It’s almost draft day! You know what that means… An excuse for booze on a week day! Oh, and most likely a headache for Texans fans and Eagles fans like myself. What are the odds our teams draft a bust… or some kid everyone insists will be a star but in reality will sit out with a random injury for 17 seasons?
Let’s focus on the positive: This year’s class is stacked on the defensive side. You know how I love the D, but I have to keep reminding myself this isn’t about me. I’ll be watching other franchises with outstanding scout teams and GMs snatch up all the great DBs. Meanwhile here at the Houston headquarters…
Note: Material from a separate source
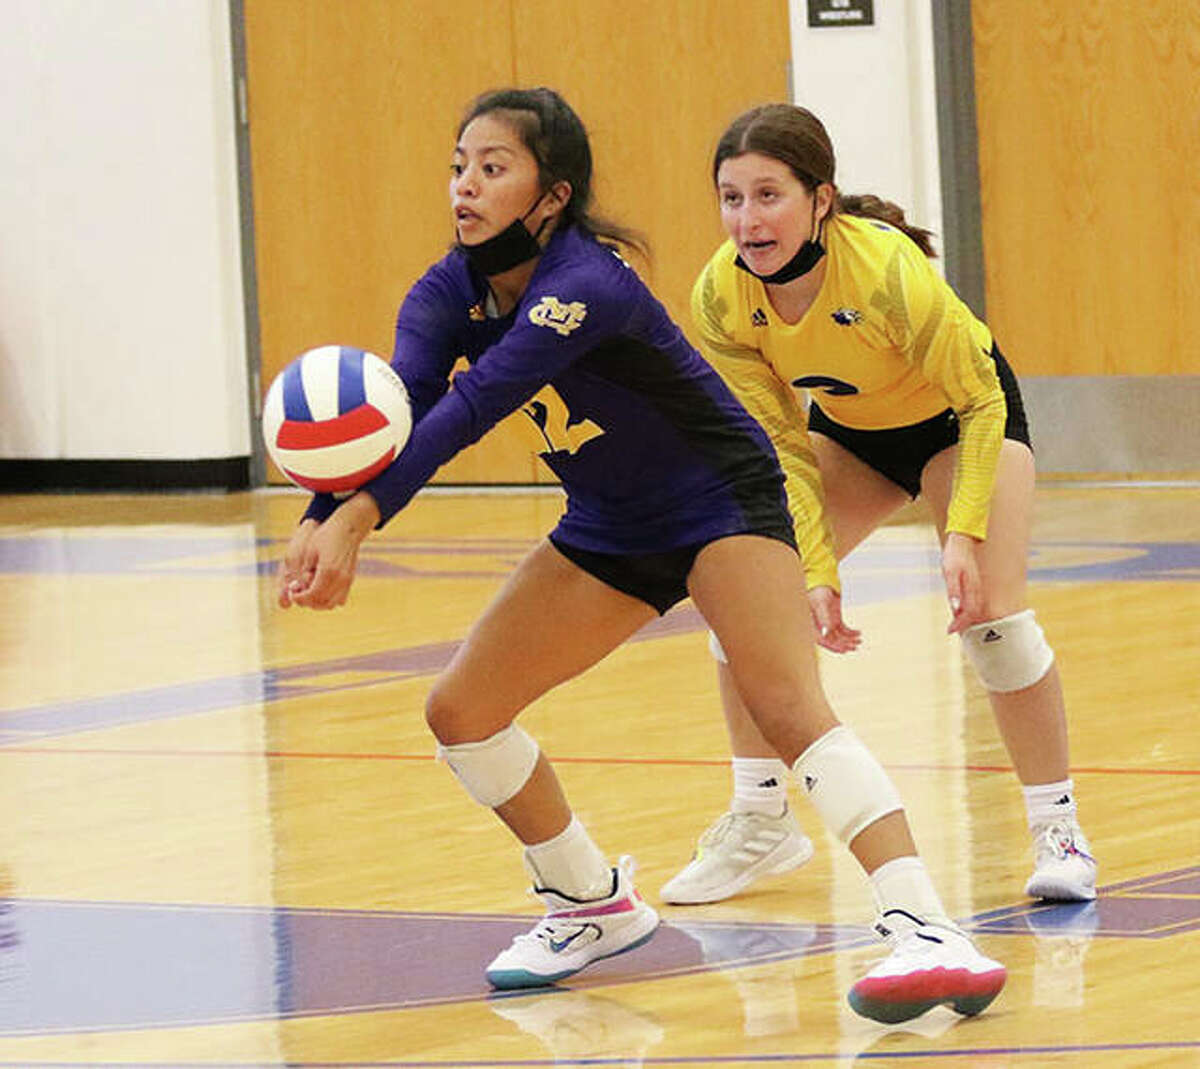 CM libero Ella Middleton (left) receives a serve in front of teammate Toni Reynolds in a match earlier this season. Middleton joined Lexi Biciocchi on the all-tourney team on Saturday while winning the Granite City Tournament.

On the flip side: The high demand for QBs and RBs right now should keep tomorrow night interesting for sure. Wouldn’t it be cool to see the Browns, Jets and 49ers all fighting for the next “could have been but didn’t quite amount to crap” QB like the animal scene from Mean Girls?
Run this: Personally, I want Cook or McCaffrey, but with the 14th pick I don’t see us landing either of the two. So to whichever one of you busted, lame teams snatch them up… I hope you’re the one win the Browns get this season.
Everyone keeps asking me who I think the Texans and the Cowbitches will take..
1) I could care less but since I’m writing for HOUSTON sports, I suppose I’ll pretend for a slight second. Besides the fact that I (a 5’5″ 129lb chick) could roast Savage and throw more TDs (or I could just tie with him at a grand total of ZERO) I’ll skip on over to the next hot spot.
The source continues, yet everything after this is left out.